I stare at the ceiling. “I swear to God.”

Genesis bursts out laughing from the sofa and springs to her feet. “I got it.”

“Thanks,” I start to say, except the gratitude turns into a glare the second she plucks Agnes out of my arms.

“What?” she says, bouncing my daughter shamelessly against her hip.

I shake my head and stomp toward the stairs. Behind me she yells, “You’re welcome!”

I make a face she can’t see and keep climbing.

Milo’s six now, but the way he’s acting, he may as well be sixteen. When I push open his door, my heart cracks a little at the sight of him, my once bubbly, bright boy, sitting sideways on his bunk with his bottom lip jutting out.

“Baby, what’s wrong?” I ask.

He folds his arms tighter. “I don’t wanna go.”

I try to run a hand through his hair, but he leans back, dodging me like I’m covered in cooties. “Why not?”

“I wanna stay home.”

“Honey,” I say softly, “it’s your dad’s week.”

He looks away, jaw tight the way Patrick’s used to get when he was pissed. “I don’t wanna leave.”

I take a slow breath, steadying myself. I still don’t know how to navigate moments like this. When Patrick and I separated, we kept everything as calm and structured as we could. One week with me, one with him. Every other day with Agnes, since I’m still breastfeeding. And we don’t disappear from each other’s weeks either, the off-parent always does school drop-offs. It’s not perfect, but we’ve made it work.

At least… I thought we did.

But Milo has been getting more and more unsettled these past few months. Some weeks he refuses to leave here. Other weeks he refuses to come back. He’s more emotional, more clingy, more anxious.

I sit on the edge of the bed, watching him breathe through the beginnings of another meltdown, and it hits me.

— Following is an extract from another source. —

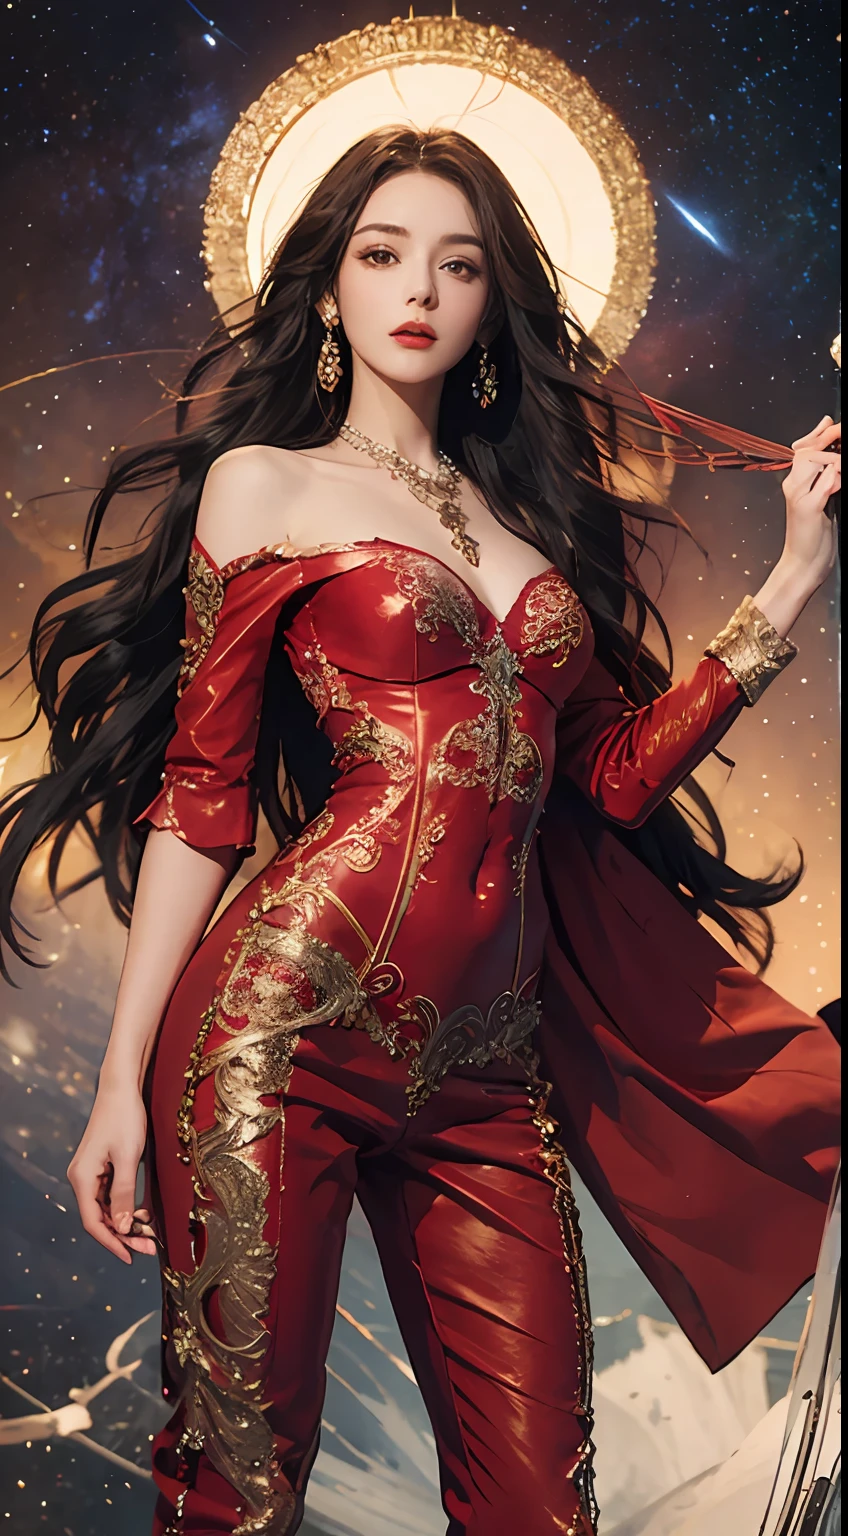 Delicate facial features, beautiful  Girl, Above is a red bandowle, Red lace pants underneath, antique dress, Handheld Strings, long hair hanging down the shoulders, floating in the universe
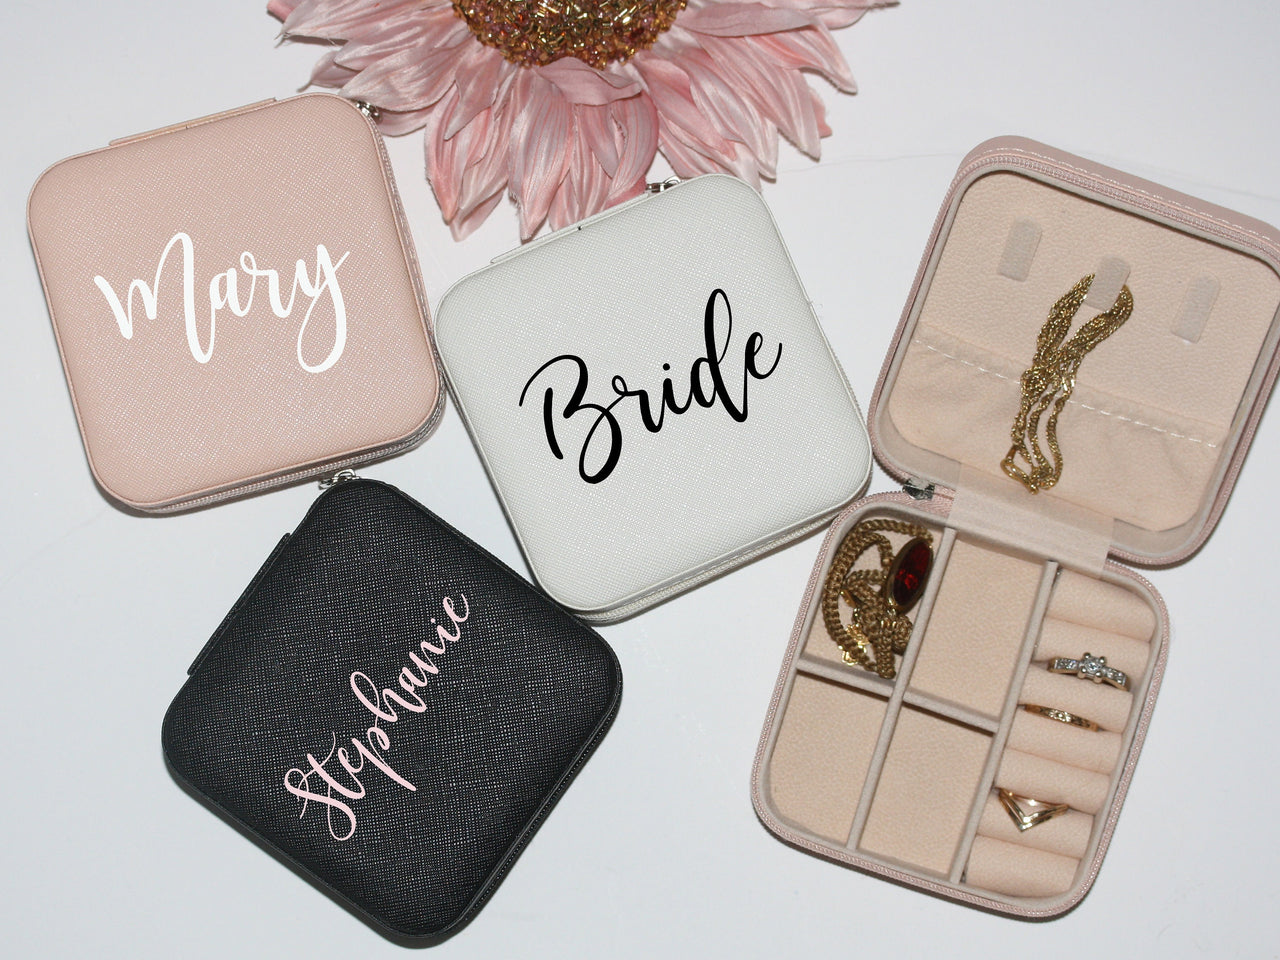 Personalized Travel Jewelry Box with name

It may be time to get him into therapy. Something is going on with my son, and he’s trying to tell me the only way he knows how.

My mind drifts to the papers I had drafted last week. Patrick and I haven’t lived together in a year. I thought it was finally time to make it official.

But looking at Milo now, small and tight-fisted on the edge of his mattress, I know this isn’t the moment. The last thing I want is to be in the middle of a divorce, splitting assets and negotiating custody, while our oldest is clearly in crisis.

Patrick still sees Dr. Brett. I know that much. Maybe the center has child psychologists too. It’s probably a conversation I need to have with his dad first.

Not right now though. Now, I just need Milo out the door.

I crouch next to him. “How about this,” I say gently. “If you get dressed, we can ask him to meet us at Grandma and Grandpa’s. They probably miss you.”